Thermal energy storage (TES) is a viable method for improving the energy efficiency of buildings and other applications, including concentrated solar power plants [20], PV panels [21], and heat pump systems [22]. TES systems are classified into two main categories as (i) thermal and (ii) thermochemical energy storage. Due to unclear cost and longevity, the second use has not shown to be beneficial [23]. The first has already been used in many applications and is classified as sensible and latent heat storage [24]. The driving force for the process of charging and discharging the storage determines whether a system is passive or active; active systems use a pump or fan for the process, whereas in passive systems, the phase change is caused by a temperature difference between the environment and the storage [23]. PCMs supply considerable latent heat throughout their phase transition at a constant temperature, which is a desirable property, particularly during the phase change from solid to liquid and vice versa, as shown in Figure 3 [25][26]. The phase change could occur in the solid, liquid, and gas states through vaporization and condensation and in solid and liquid through freezing and melting. In building envelopes, solid–liquid and solid–solid phase changes are the most common [26][27]. Figure 3 illustrates the fluctuating temperature of PCM’s storing heat. As depicted in the figure, when the temperature of the PCM exceeds its melting temperature (MT), the chemical bonds of its molecules begin to dissolve in an endothermic process, allowing the PCM to absorb heat and shift from a solid to a liquid phase. In contrast, as the temperature drops and hits the PCM’s freezing point, the molecules’ chemical bonds begin to renew in an exothermic process, culminating in the PCM’s transition from a liquid to a solid state, a process known as discharge [27][28].
Figure 3. PCM energy storage by temperature variations [25][26].
Solid–liquid PCMs are divided into three major categories: organic, inorganic, and eutectic, as well as the subgroups depicted in Figure 4 [25][26]. Each class has distinct thermal qualities that can be employed depending on the storage system’s operational conditions. Figure 5 [25][26] depicts the melting range and enthalpy of the specified PCM classes. The MT range of paraffin as an organic form of PCM is within a suitable range for heating and cooling applications in buildings, as depicted in this figure. This material (paraffin) has been utilized in the majority of GU-related applications due to its wide range of phase transition temperatures within a thermal comfort range, low cost, and good optical and light transmission properties [28][29].
Figure 4. Classification of PCMs [25][26].
Figure 5. Temperature and enthalpy ranges for various PCMs [25][26].
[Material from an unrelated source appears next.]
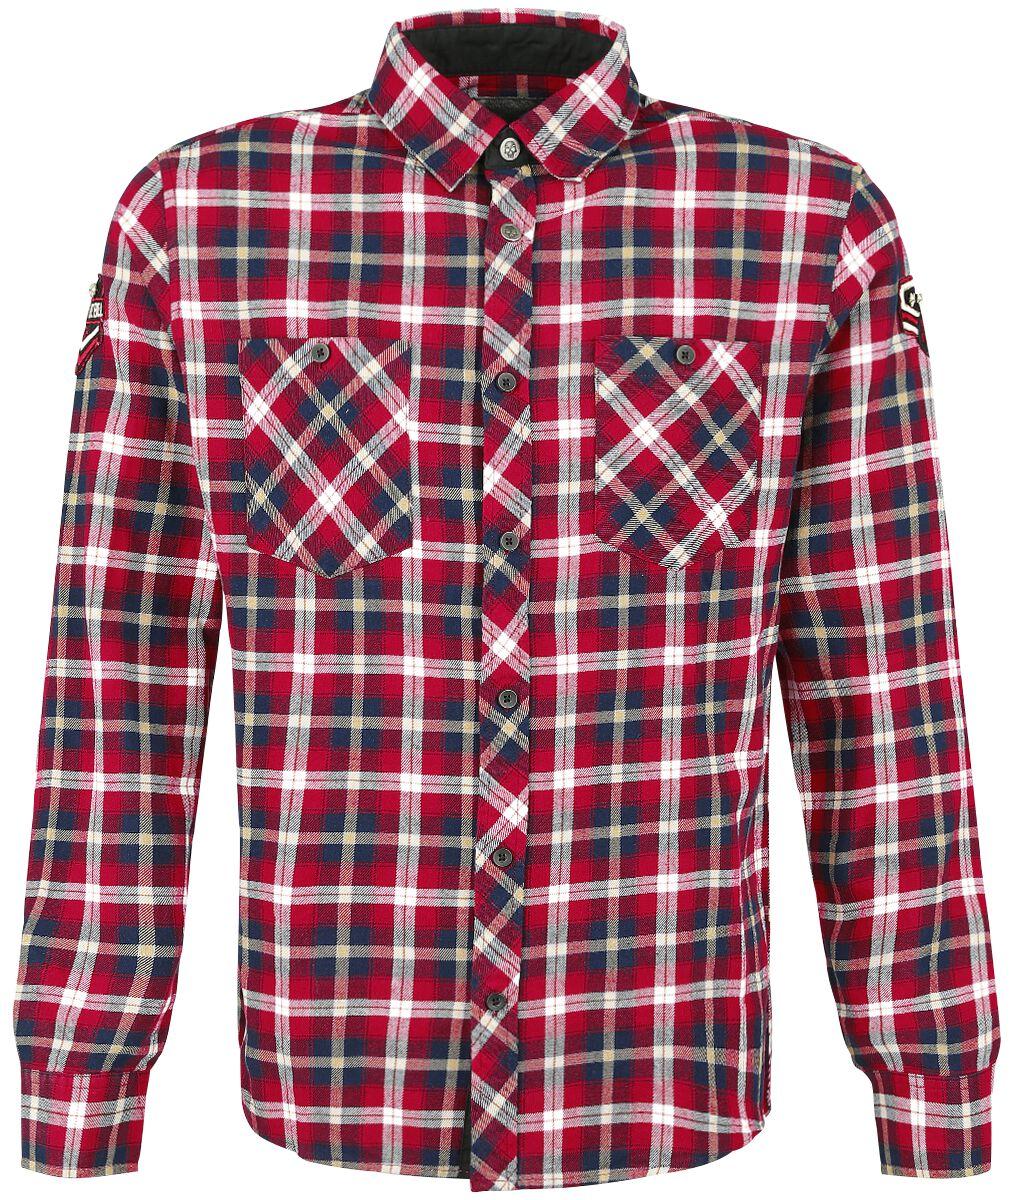 Image of   Rock Rebel by EMP Checkered Embroidery Shirt Skjorte rød-sort

3. Energy-Saving Technologies of GUs

Different energy-saving technologies, applied to the transparent parts of building envelope, have been studied by the researchers, including multiple-glazing windows, blind and shading devices, exhaust air windows, water glazing systems, thermotropic and thermochromic materials, low-e coatings, aerogels, PV systems, Prisma solar glasses, different insulating methods, different laminated glasses, phase change materials, and so forth [29][30]. The following is a summary and discussion of the aforementioned technologies, with an emphasis on the application of PCMs in GUs. Since the primary purpose of is tthis study is to examine the possible energy-saving technologies coupled with PCMs applied to curtain walls, all glazing units, excluding glazed roofs, were examined. In addition, the examined research is divided into two categories: (i) technologies of GUs with PCM and (ii) technologies of GUs without PCM.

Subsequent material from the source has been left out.